Mysql data acquired using the Pandas
Mysql operating in python, though convenient, but frequently get data from the server, the efficiency is very low. Try a bit today to extract data from Mysql database with pandas, really convenient, but also acquire data once after using pandas rich variety of analysis functions is also handy.
- First, establish a database connection, the establishment of a common conn as a Connection object
import pymysql
import pandas as pd
class cardb():
conn = None
def connect_db(self):
db_host = "XXXX"
user = "XXXX"
pw = "XXXX"
try:
# 创建连接数据库
self.conn = pymysql.connect(db_host, user, pw, "yiche_car_info", use_unicode=True, charset='utf8mb4')
return self.conn
except Exception as e:
print("数据库连接异常!错误%s", e)
return None
- pandas connection is established using the acquired data
try:
self.conn.ping(reconnect=True)
except Exception as e:
print("%s" % e)
return None
sql=“select * from viewcarinfo”
df = pd.read_sql_query(sql % (str_info, str_viewname), con=self.conn)
print(df)
The data obtained, a dataframe format. Line by line index is called index, a column is a column like form.
pz_id cartype_id pz_name ... 车型级别 车身型式 前大灯
0 m139120 m4758 2020款1.2L手动超值版 ... 小型车 两厢 卤素
1 m111122 m2790 2014款1.3L标准版 ... 小型车 三厢 卤素
2 m133807 m3067 2019款1.5L手动进取版 ... 小型车 三厢 LED
3 m133409 m4758 2019款1.2LAMT舒适版 ... 小型车 两厢 卤素
4 m139423 m3167 2020款1.4L手动焕新版 ... 小型车 三厢 卤素
.. ... ... ... ... ... ... ...
343 m129677 m4586 2018款5.3L手自一体白宫一号4座 ... 全尺寸SUV SUV LED
344 m136613 m3859 2020款6.0TW12标准版 ... 豪华车 三厢 LED
345 m131852 m4373 2019款S680双调典藏版 ... 豪华车 三厢 矩阵LED
346 m132800 m2078 2019款GT6.0TW12敞篷版 ... 豪华车 敞篷车 矩阵LED
347 m125538 m3044 2017款6.8T手自一体长轴距版 ... 豪华车 三厢 氙气
- First establish that you need to save the dictionary in python json
json_res = {}
json_res["item_name"] = []
json_res["item_option"] = {}
json_res["item_value"] = []
json_res["car_prosys_name"] = car_prosys_name
json_res["car_prosys_value"] = []
json_res["car_prosys_series_value"] = []
json_res["car_pricezone_name"] = car_pricezone_name
json_res["car_pricezone_value"] = []
json_res["car_pricezone_series_value"] = []

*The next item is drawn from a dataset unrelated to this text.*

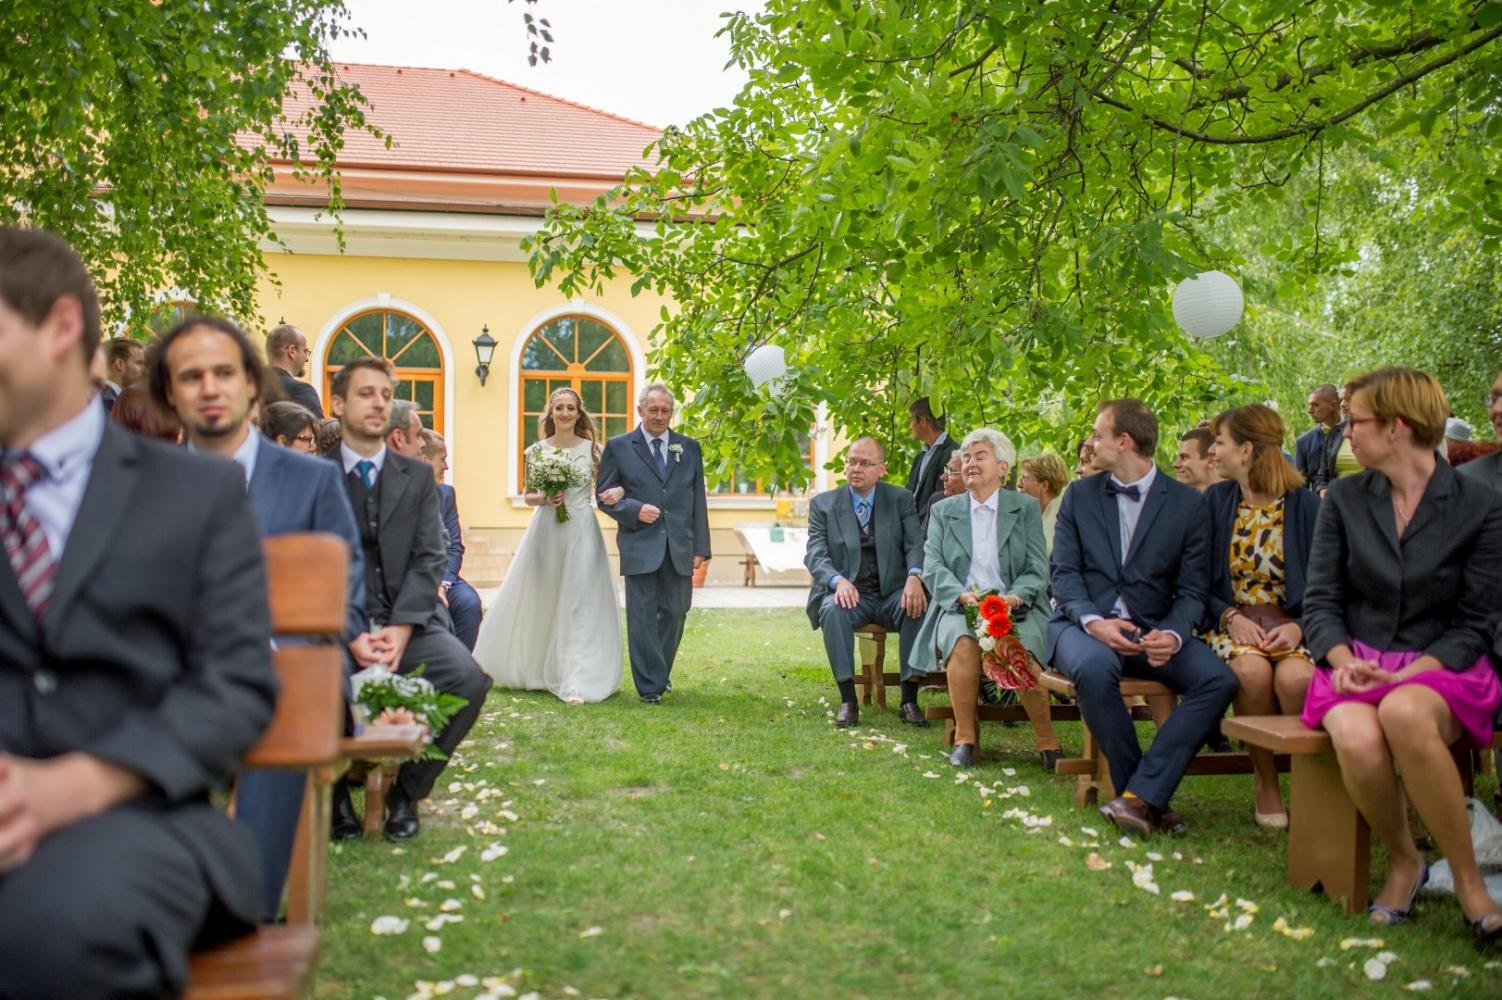 http://www.fotoz.sk/images/gallery-21/normal/eskuvoi-fotos_svadobny-fotograf_059.jpg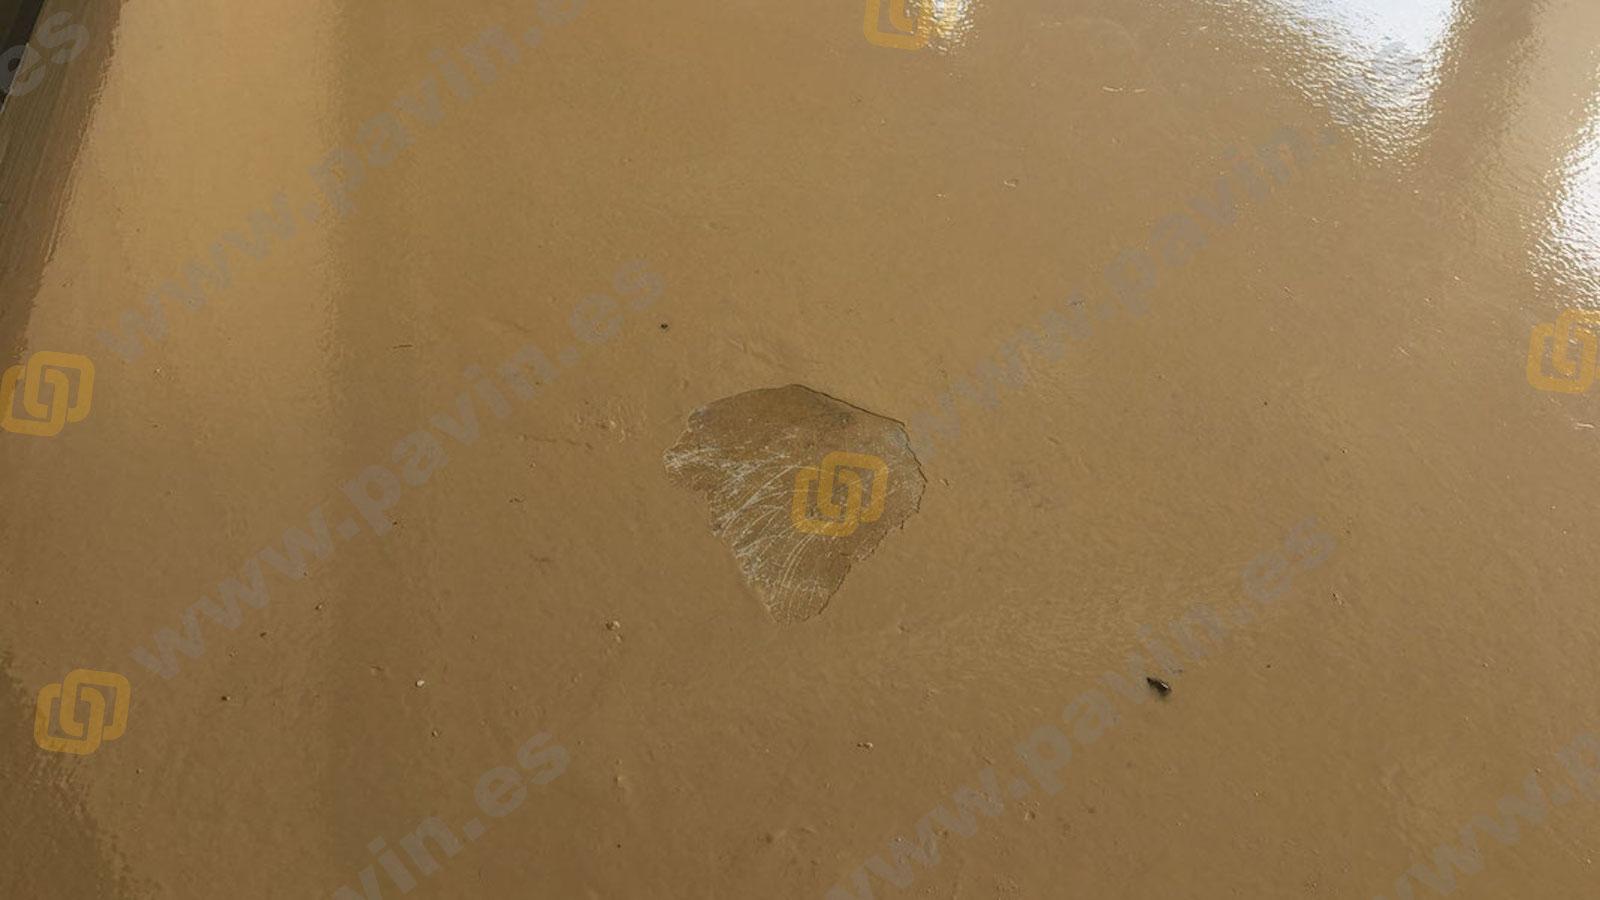 Pavitecnik,pavimentos,suelos,industriales,epoxi,presión,hidrostática,tolerancia,humedad

- Analysis of data with pandas
usage data query: df.loc is positioned rows of data, coupled with data filtering conditions can be achieved.
A. filtration or equal to the data size filter
item="卤素"
item1 = df.loc[df["前大灯"] == item]
== equal to, greater than less than <,> you can filter out the data rows that satisfy all of equal size condition or value.
n1 = item1 [str_feild] .count ( )
statistics of the number of lines of "halogen" == All headlights.
B. Fuzzy text search filters
and fuzzy search text can utilize this function .str.contains
as
item="卤素"
item2 = df.loc[df["前大灯"].str.contains(item)]
All can count all the rows with halogen.
n2 = item2[str_feild].count()
C. Joint criteria to
the statistics of the number of lines all headlamps with "halo" of.
You can also find a joint two or more conditions, such as "&" is and effect, and "|" is or effect.
item3 = df.loc[(df[str_feild] == item) & (df[prosys_name] == ps_name)]
n3 = item2[str_feild].count()
Statistical satisfying df [str_feild] == item and df [prosys_name] == ps_name) data columns.
- Dictionary is derived json format, can be used for flask, Django data source.
save_path = sys.path[0] + json_path + str_feild_id + ".json"
with open(save_path, 'w') as wr:
json.dump(json_res, wr)
- Analysis of data with pandas
pandas start, there are many uses, can be said to be an upgraded version of numpy, for more numpy arrays and matrices, and pandas for more
advanced data processing and similar excel sql can also directly interface with the database , and there are multiple access and export formats (a common
such csv, excel, json), can be said that a large data processing tool.